### MATERIAL FOR THIS TASK
◇ ◇ ◇ ◇ ◇
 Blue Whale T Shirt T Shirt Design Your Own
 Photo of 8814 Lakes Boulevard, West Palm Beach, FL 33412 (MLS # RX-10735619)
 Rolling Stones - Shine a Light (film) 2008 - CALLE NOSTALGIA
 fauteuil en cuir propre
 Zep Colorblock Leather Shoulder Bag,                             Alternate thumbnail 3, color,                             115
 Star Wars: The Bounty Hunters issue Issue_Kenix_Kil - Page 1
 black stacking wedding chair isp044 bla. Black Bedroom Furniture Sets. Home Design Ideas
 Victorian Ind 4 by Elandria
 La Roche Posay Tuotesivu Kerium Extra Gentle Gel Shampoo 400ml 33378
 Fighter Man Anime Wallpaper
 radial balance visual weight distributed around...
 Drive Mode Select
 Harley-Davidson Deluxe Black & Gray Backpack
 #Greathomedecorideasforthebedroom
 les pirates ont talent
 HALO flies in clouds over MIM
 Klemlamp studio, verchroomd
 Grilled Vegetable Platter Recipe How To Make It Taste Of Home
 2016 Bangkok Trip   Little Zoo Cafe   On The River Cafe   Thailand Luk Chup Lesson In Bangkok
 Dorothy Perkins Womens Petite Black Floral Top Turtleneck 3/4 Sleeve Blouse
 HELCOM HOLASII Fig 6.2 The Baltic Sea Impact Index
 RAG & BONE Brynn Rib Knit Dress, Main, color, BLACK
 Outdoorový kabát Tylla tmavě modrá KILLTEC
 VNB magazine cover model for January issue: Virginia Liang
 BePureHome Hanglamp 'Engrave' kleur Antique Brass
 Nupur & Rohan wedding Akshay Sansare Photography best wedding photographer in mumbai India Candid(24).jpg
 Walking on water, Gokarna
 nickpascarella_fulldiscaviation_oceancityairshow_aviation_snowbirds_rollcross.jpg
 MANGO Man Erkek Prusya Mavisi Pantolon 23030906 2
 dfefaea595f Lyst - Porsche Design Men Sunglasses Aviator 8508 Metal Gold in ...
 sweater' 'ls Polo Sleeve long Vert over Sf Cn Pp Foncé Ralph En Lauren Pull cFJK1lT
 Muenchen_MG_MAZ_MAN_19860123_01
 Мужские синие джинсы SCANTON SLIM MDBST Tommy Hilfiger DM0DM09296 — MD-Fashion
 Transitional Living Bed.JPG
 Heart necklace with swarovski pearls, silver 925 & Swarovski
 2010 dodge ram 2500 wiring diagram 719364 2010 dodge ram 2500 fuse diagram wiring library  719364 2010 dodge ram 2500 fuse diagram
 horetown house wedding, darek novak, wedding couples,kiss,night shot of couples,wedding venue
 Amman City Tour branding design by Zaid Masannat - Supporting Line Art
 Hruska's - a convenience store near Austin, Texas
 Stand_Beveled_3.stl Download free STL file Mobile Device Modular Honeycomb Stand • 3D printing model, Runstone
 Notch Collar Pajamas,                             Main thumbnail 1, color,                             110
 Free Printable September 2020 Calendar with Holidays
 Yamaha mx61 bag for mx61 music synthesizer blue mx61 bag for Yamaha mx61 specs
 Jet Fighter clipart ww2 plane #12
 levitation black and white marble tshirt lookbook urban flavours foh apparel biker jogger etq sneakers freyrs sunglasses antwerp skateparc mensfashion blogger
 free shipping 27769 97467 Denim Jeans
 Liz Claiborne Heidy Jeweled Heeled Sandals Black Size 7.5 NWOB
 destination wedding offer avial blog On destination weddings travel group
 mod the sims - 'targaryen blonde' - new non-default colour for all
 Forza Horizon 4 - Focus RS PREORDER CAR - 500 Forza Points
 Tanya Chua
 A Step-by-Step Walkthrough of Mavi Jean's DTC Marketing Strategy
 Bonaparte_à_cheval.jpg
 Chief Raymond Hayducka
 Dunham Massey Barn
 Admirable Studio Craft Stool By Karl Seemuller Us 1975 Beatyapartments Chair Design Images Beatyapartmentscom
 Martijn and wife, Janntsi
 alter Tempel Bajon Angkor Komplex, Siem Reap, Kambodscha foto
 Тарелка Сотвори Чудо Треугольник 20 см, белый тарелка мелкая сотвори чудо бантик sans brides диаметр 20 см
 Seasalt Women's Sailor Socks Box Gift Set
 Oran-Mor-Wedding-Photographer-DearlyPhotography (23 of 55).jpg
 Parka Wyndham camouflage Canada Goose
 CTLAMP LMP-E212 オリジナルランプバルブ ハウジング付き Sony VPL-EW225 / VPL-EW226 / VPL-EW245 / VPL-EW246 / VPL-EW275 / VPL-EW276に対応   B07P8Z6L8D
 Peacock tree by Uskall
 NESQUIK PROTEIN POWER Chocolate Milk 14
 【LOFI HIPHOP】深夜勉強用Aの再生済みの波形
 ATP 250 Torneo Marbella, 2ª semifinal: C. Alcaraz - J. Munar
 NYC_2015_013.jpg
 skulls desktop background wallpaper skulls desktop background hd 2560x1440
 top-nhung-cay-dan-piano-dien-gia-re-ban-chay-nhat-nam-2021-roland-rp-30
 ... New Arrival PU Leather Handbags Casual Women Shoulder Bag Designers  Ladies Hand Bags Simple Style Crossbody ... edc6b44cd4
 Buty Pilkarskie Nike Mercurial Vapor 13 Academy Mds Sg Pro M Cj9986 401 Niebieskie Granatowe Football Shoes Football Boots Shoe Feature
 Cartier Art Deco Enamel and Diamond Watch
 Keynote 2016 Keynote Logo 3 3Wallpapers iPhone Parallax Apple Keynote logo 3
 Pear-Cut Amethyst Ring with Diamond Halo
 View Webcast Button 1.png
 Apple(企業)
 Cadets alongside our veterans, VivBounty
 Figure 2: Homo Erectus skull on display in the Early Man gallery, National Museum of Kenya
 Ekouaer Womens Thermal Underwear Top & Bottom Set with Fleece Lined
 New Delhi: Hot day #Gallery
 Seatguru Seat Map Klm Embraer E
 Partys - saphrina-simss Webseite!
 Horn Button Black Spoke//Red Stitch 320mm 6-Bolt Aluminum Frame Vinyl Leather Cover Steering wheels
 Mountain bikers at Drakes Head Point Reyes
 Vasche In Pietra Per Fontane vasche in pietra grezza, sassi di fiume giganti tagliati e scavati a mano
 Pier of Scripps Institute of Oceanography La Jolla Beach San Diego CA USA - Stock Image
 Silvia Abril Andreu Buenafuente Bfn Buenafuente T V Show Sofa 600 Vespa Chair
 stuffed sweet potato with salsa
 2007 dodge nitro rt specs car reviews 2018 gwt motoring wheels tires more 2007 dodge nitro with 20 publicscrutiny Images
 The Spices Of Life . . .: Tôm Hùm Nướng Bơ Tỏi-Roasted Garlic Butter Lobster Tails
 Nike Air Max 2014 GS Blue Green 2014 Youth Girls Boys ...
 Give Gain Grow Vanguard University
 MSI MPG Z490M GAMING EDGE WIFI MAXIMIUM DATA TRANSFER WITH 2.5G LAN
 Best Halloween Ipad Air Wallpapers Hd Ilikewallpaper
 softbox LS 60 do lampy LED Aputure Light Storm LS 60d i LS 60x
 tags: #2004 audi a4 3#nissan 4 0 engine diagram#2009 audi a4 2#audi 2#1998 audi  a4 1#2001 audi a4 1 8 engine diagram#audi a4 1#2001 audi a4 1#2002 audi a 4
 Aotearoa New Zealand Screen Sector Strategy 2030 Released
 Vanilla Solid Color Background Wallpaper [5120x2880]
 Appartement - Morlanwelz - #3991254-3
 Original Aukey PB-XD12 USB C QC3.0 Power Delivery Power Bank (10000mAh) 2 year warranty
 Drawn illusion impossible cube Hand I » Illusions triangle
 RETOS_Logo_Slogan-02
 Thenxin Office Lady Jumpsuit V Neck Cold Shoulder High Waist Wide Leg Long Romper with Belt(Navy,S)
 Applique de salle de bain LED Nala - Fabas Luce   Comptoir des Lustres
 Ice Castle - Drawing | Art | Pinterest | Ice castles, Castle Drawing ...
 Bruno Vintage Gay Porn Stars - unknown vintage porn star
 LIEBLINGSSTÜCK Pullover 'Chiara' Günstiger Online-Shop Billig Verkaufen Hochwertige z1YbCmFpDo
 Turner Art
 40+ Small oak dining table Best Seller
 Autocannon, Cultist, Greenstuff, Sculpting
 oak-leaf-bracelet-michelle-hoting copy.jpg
◇ ◇ ◇ ◇ ◇
### TRY IT
Among the records above, find each line containing the string "specs" and copy it.

### EXPECTED OUTPUT
 Yamaha mx61 bag for mx61 music synthesizer blue mx61 bag for Yamaha mx61 specs
 2007 dodge nitro rt specs car reviews 2018 gwt motoring wheels tires more 2007 dodge nitro with 20 publicscrutiny Images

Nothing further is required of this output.